■ Assignment ■
From the line with "2 Seat Leather" through the line with "Keith Hernandez's #17", inclusive, return each line of the data below exactly and leave the rest out.

■ Input material ■

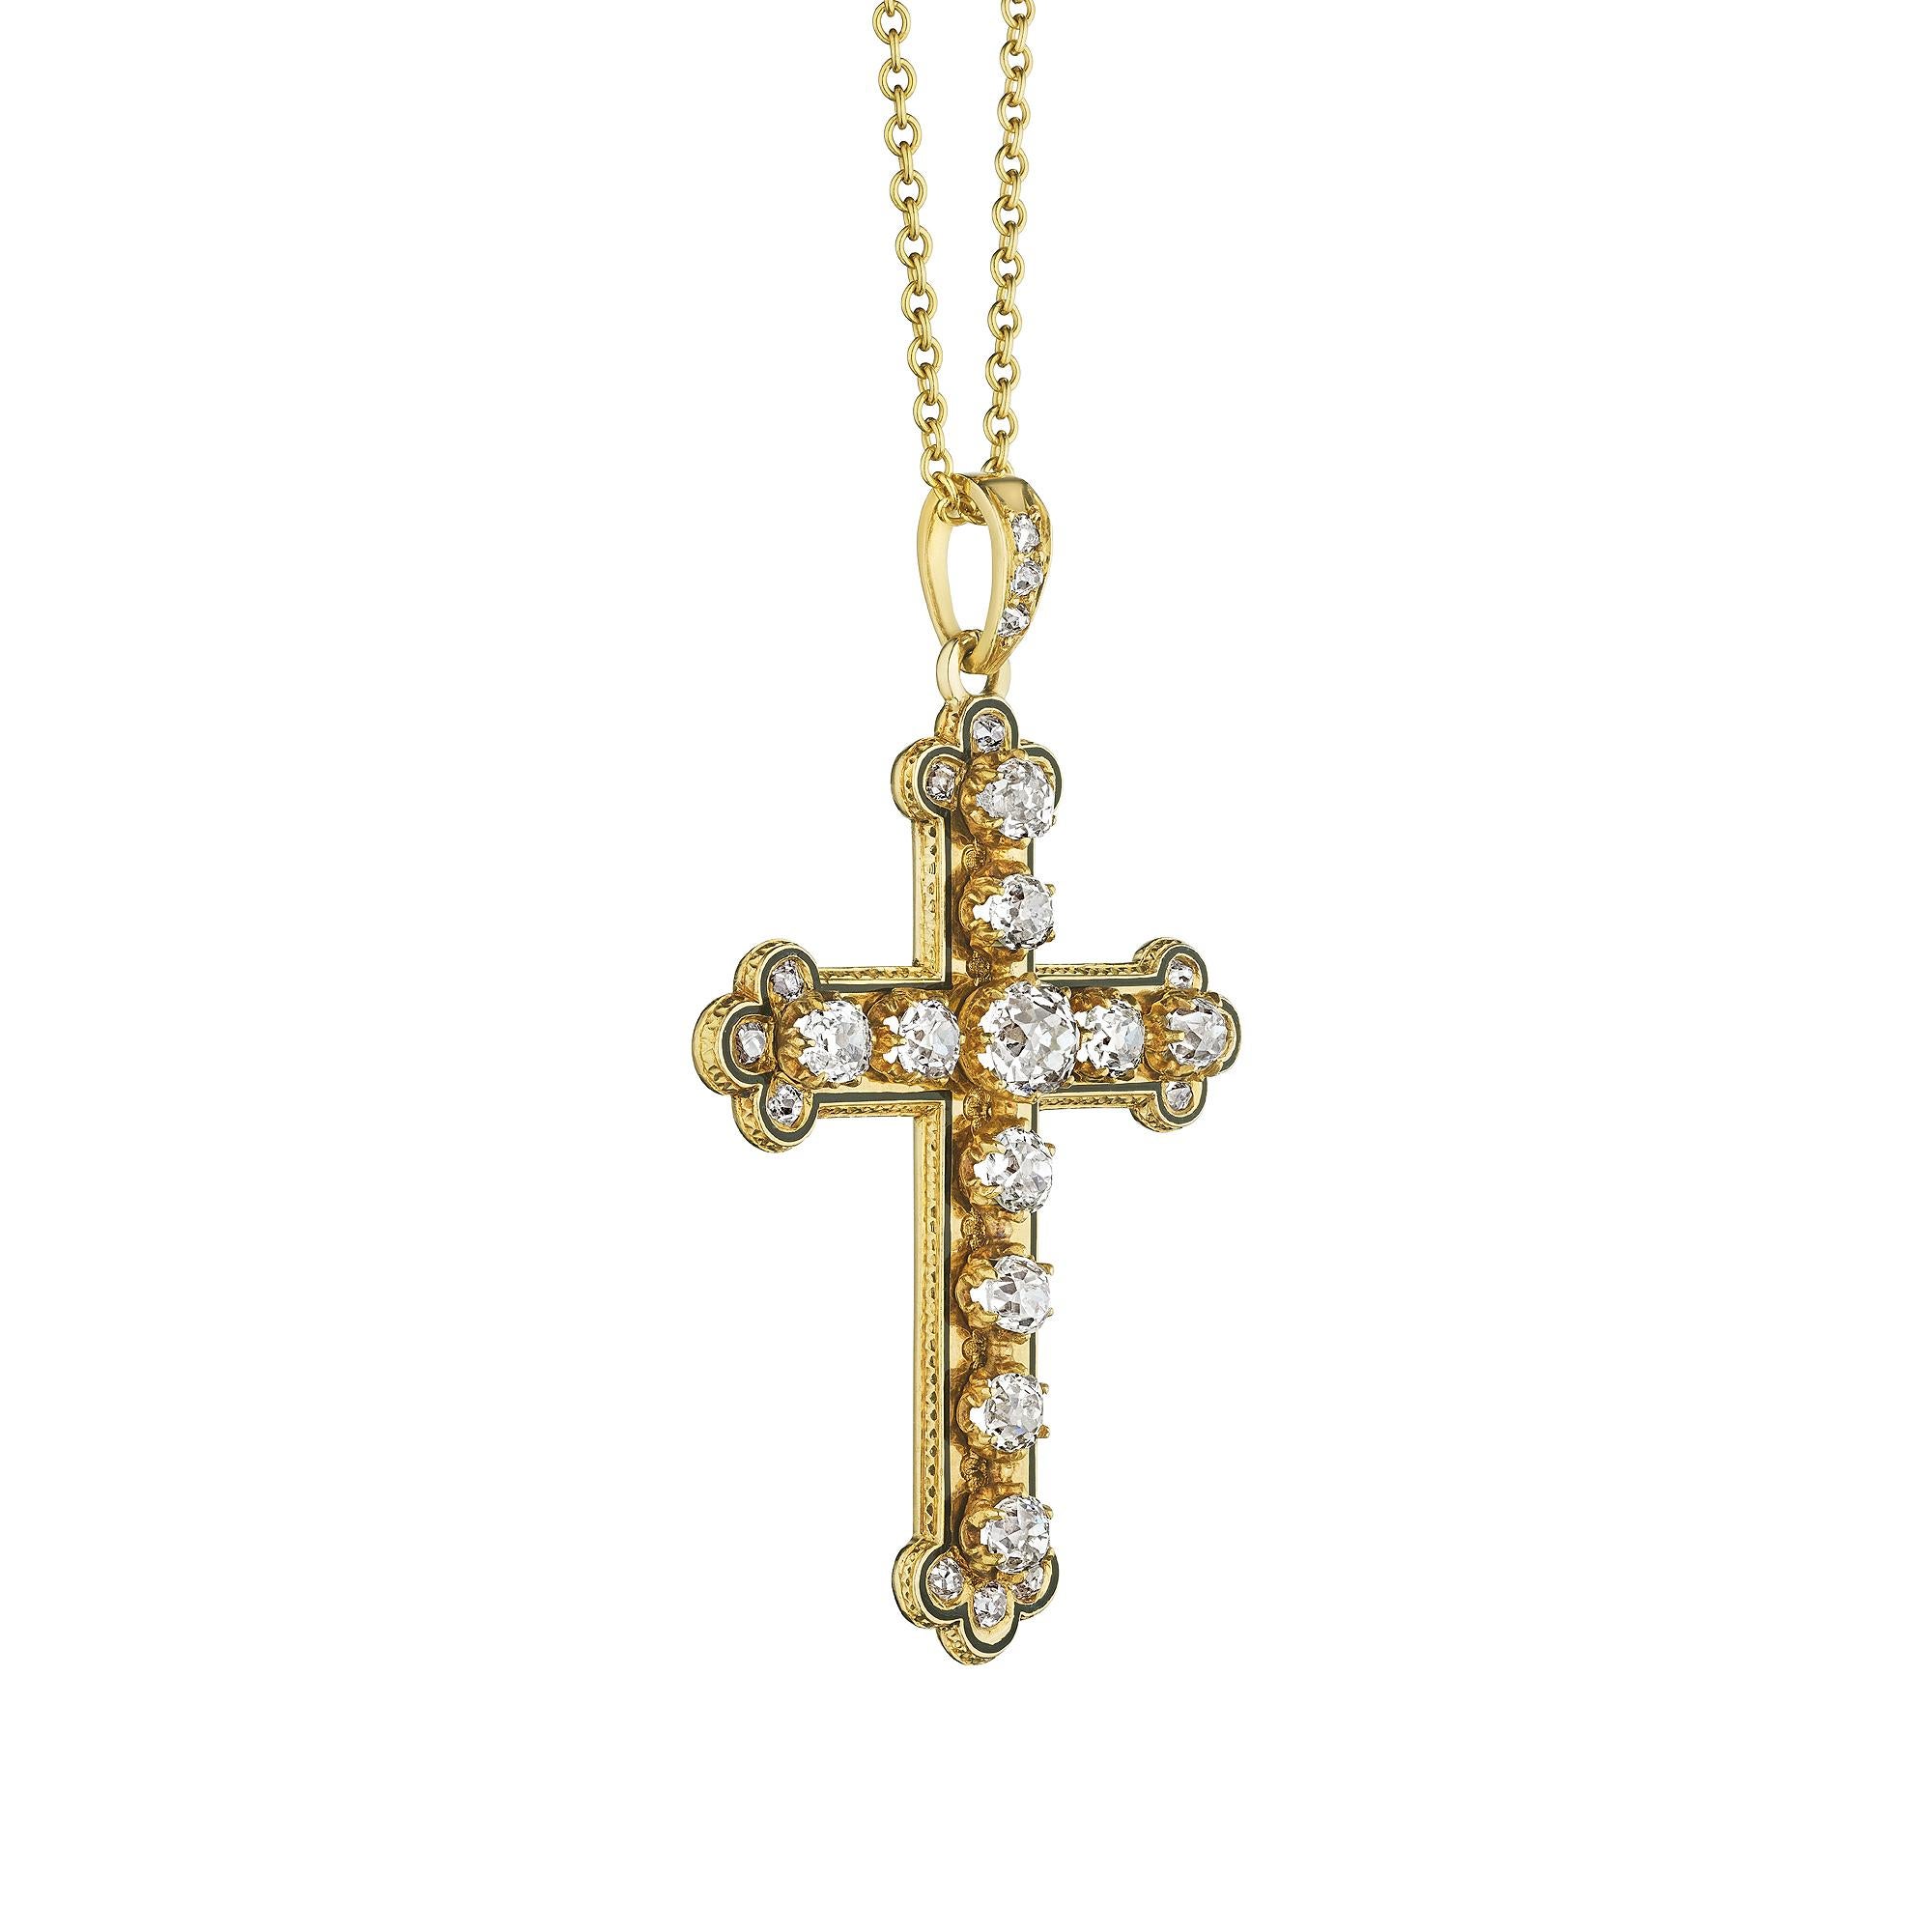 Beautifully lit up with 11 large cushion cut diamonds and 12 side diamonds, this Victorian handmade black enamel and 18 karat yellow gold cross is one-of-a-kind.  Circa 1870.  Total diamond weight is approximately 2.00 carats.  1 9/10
* * *
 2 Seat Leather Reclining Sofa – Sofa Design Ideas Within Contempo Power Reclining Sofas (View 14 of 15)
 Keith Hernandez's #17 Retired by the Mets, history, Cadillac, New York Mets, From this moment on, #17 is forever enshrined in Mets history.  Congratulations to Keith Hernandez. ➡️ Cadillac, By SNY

■ Exercise solution ■
 2 Seat Leather Reclining Sofa – Sofa Design Ideas Within Contempo Power Reclining Sofas (View 14 of 15)
 Keith Hernandez's #17 Retired by the Mets, history, Cadillac, New York Mets, From this moment on, #17 is forever enshrined in Mets history.  Congratulations to Keith Hernandez. ➡️ Cadillac, By SNY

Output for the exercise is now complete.